To see our full library of discussions with leaders, please visit The HOW Institute for Society’s YouTube page. 

Senator Cory Booker
D-NJ

Ellen Ochoa
Former Director of NASA’s
Johnson Space Center

Sondra Samuels
President & CEO, Northside
Achievement Zone

Dr. David Agus
Director, Lawrence J. Ellison
Institute for Transformative
Medicine

Jennifer Musisi
Leader in Residence,
Kennedy School

Research and Impact 

The HOW Institute for Society seeks to illuminate not just the headlines but the trendlines that shape and inform leadership today and in the future. Through research and metrics, we’ve come to validate some of our philosophical insight. But more importantly, we want this work to enhance our leaders to successfully navigate these current and anticipated challenges. For this reason, we have coupled philosophy and research as the heart of our work. 

In March 2021, we released our Human Connection in the Virtual Workplace study. Prior to the pandemic, human connection was already suffering, but we had an instinctive sense that given our physical distance from one another, it was imperative that leaders work harder – and differently – to create a sense of connection and community in a virtual workplace. 

While many factors influence human connection, our study showed that leadership is disproportionately consequential in shaping communities. In addition, the research also indicated that a certain type of leadership was critically important – workers felt more connected when their supervisors exhibited and embodied behaviors and attributes associated with moral leadership. 

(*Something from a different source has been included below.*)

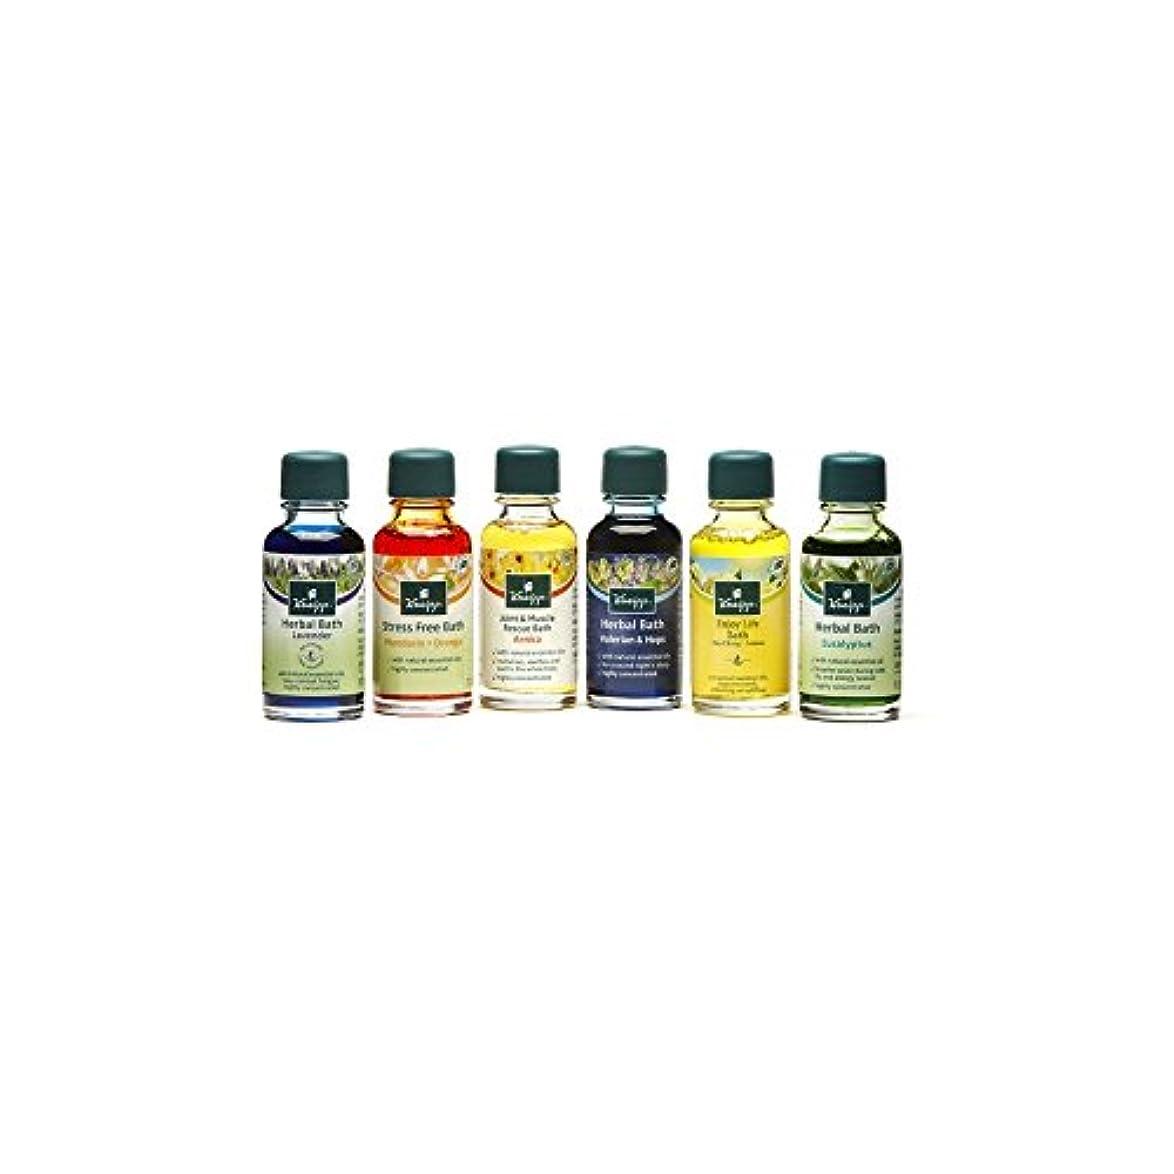 動物湿気の多い花嫁Kneipp Bath Oil Collection (6 x 20ml) - クナイプバスオイルコレクション(6×20ミリリットル) [並行輸入品]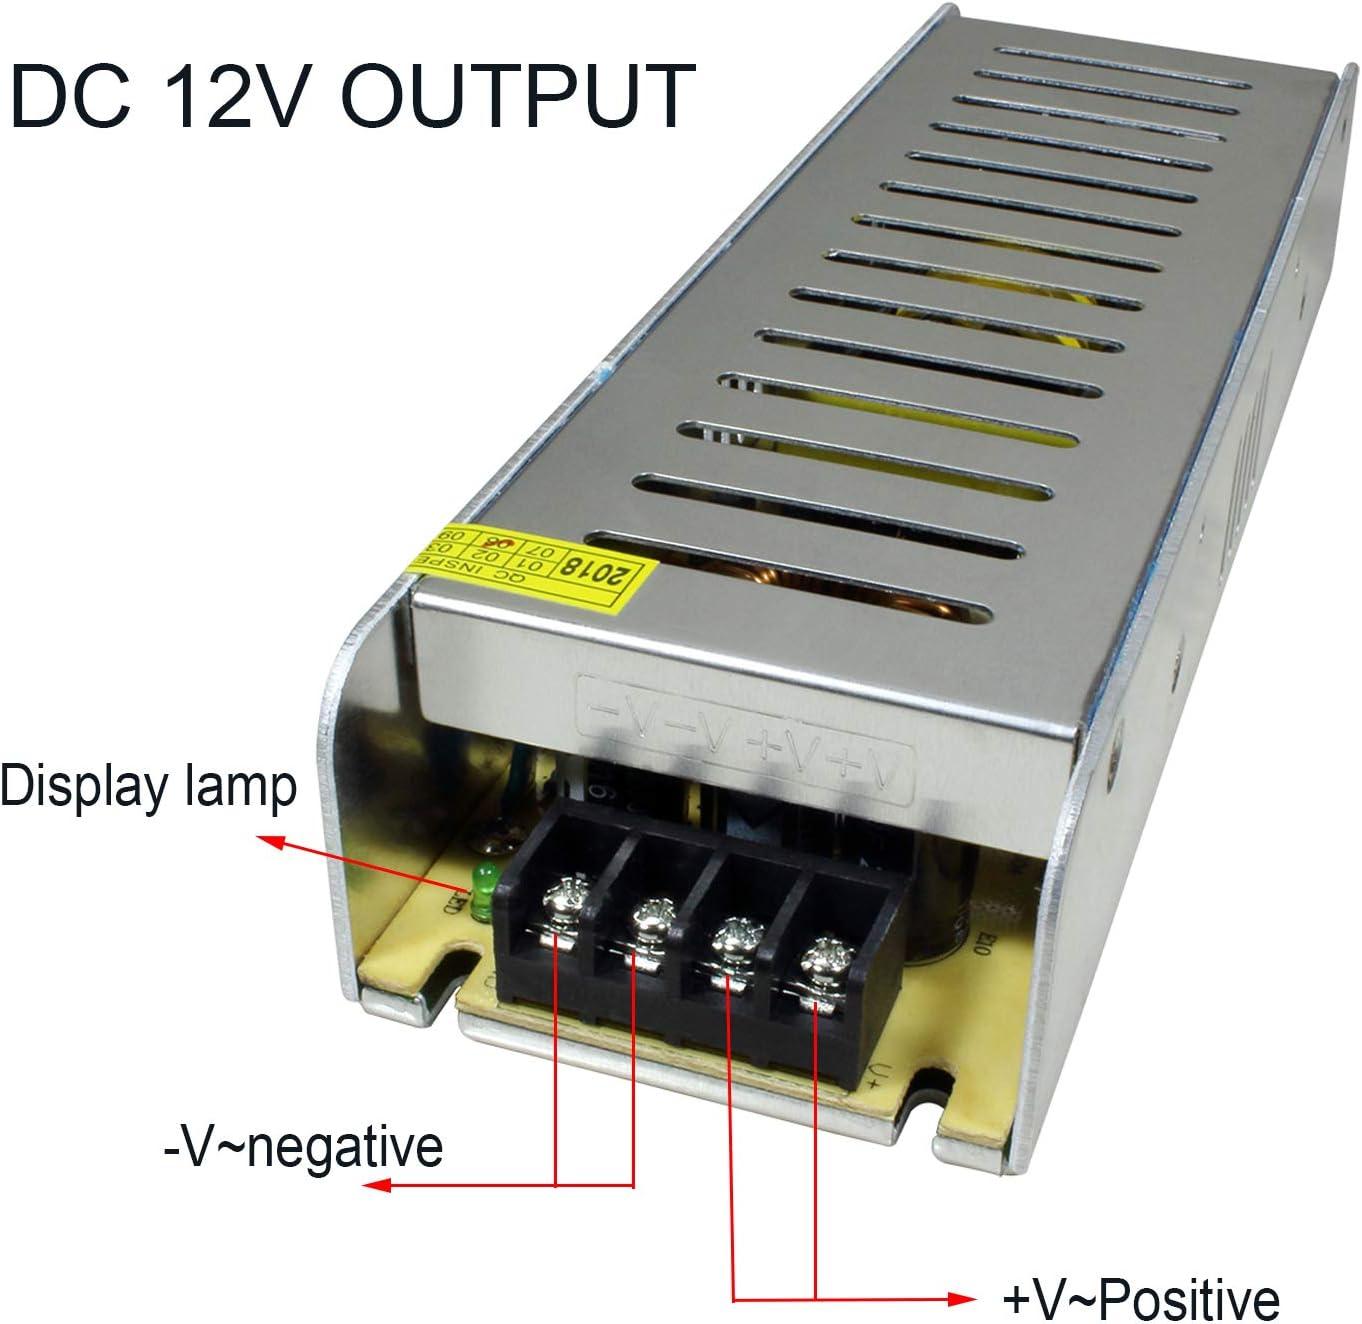 STBTECH LED Driver Transformateur d/'alimentation adaptateur 220V AC /à DC 12V 12.5A 150W Convertisseur Chargeur pour Bande LED Pixel Light Syst/ème de surveillance Afficheurs LED Mute Facile /à cacher

Angela Ahrendts and Dov Seidman continued this conversation in a co-published article in Fortune, ‘How the Best Leaders Help Companies Build Deeper Connection in a Work-from-Home World.’ 

To learn more about our research, please click here.

Our Community and Virtual Gatherings

One of the most meaningful aspects of our work is fostering and growing our community of common cause. While there are many ways we engage our community and stay in touch, our private gatherings are always a highlight of the year for me. Together with The HOW Institute Board of Directors, we hosted two private, virtual gatherings this year – January 11th, 2021 and October 19th, 2021. We convened leaders from government, sports, media, business, military, non-profit, and education to discuss some of the most difficult and unique challenges of leading right now – and to chart a course forward. 

We are inspired by the community’s genuine expression that we should continue our important conversation. We are planning The HOW Institute for Society’s 2022 gatherings – both in-person and virtual. To learn more about our upcoming Summit on Moral Leadership please click here.

Closing Thoughts

As we look to the new year, we hope you will pause and reflect on the unprecedented journey we have been on together this year. As Ralph Waldo Emerson said, “In the pause I hear the call.” In the pause, we reflect on where we are, reconnect to our values, rethink our assumptions, and reimagine a better path forward. In your pause, I hope you hear the call to join us – to continue your own journey of moral leadership and to contribute toward our shared vision for a better future. 

I look forward to continuing this journey together through 2022 and beyond. On behalf of The HOW Institute for Society Board of Directors and team, we wish you a joyful and healthy holiday season.